# LGB Tenders Motor Control



## LGB333$$$$ (Oct 11, 2017)

Some LGB tenders have Dip Switches inside the cover that can be used to reduce the DC analog voltage going to the motor. The Dip Switches help to sync the tender's motor speed with a coupled locomotive's motor speed. Some of you electrical engineer types can help with this question. What can I install into a DC analog-powered tender to provide the same motor voltage control feature as the LGB factory Dip Switches do.......diodes? What about using instead a POT?


----------



## Greg Elmassian (Jan 3, 2008)

in general resistors are a bad idea

You are trying to induce a voltage drop to the motor.

Diodes are a fixed voltage, irrespective of the current. about 0.7 volts for silicon, maybe 0.3 for a FET, add them in series, and works well. I have shown a "voltage dropper" circuit many times, and you can add or subtract single diodes with switches for user adjustments.

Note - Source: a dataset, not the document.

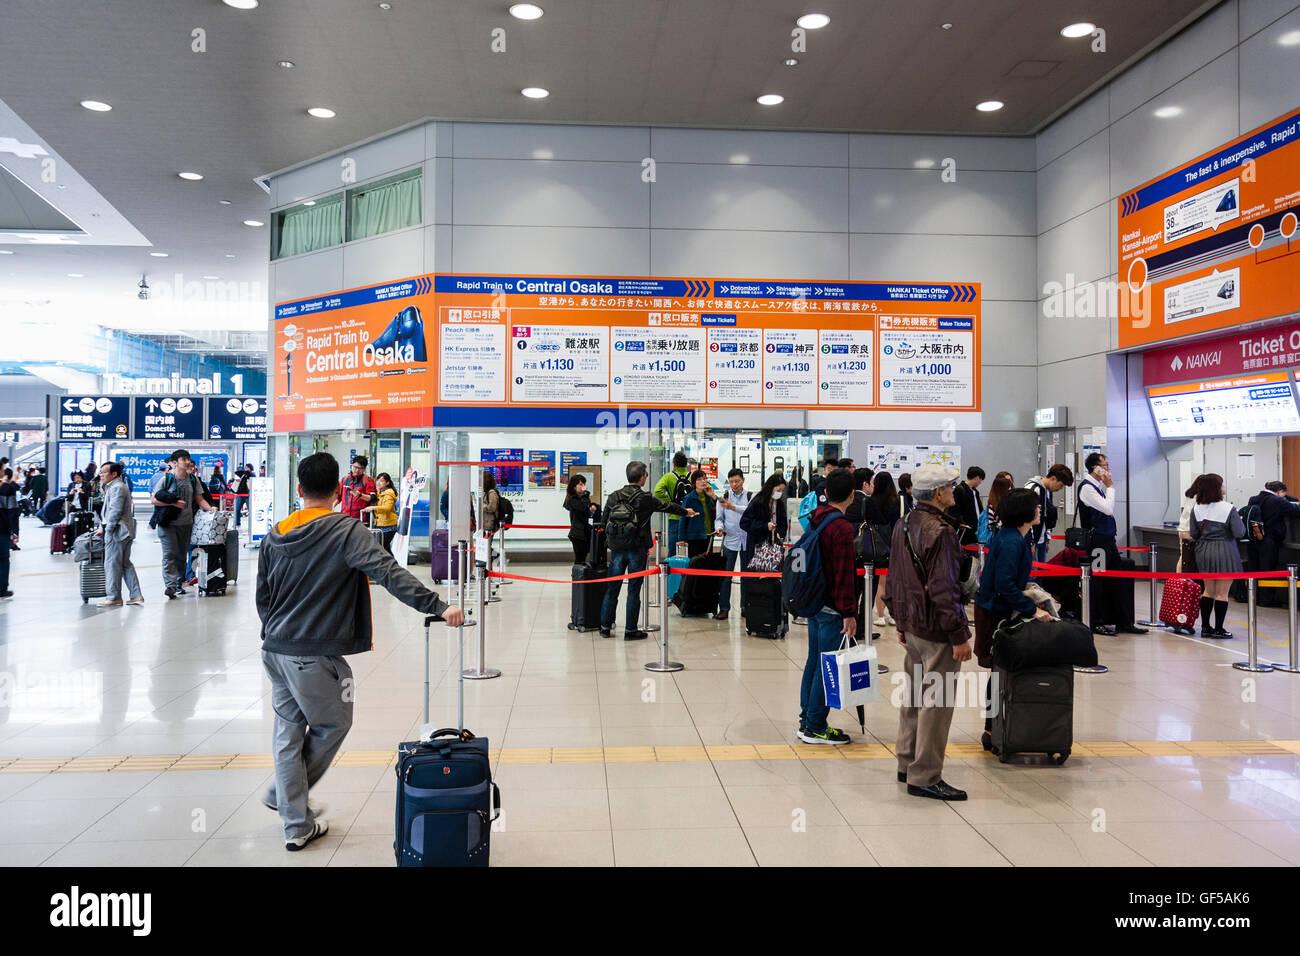 Japan, Kansai airport, KIX. Interior Aeroplaze transport hub. Nankai railways ticket area with passengers, some - Stock Image

Read that section, a schematic and picture are provided:





Misc. electronics


Greg Elmassian web site on large scale trains and garden railroads, cigars, and computers




elmassian.com





Resistors are NOT a constant voltage drop, the voltage drop varies as the current varies. Result is what appears to be "erratic" operation. This comes from Ohms law: V = I times R. A simple law to calculate voltage, current, resistance.

Greg


----------



## piercedandan (9 mo ago)

Reason for the dip switches is there is different electronics in new Stainz locos built with removable bottom on motor block. Older ones with split cases always had track power directly to the motors. Older power tenders also had direct wires to motor blocks.


----------



## LGB333$$$$ (Oct 11, 2017)

Greg Elmassian said:


> in general resistors are a bad idea
> 
> You are trying to induce a voltage drop to the motor.
> 
> ...


I review the helpful diode information on your Website...........thanks!


----------



## Greg Elmassian (Jan 3, 2008)

You could use switches to "short" across a diode to effectively reduce the number of dropping diodes. Of course the switch would need to handle full motor current.

Greg


----------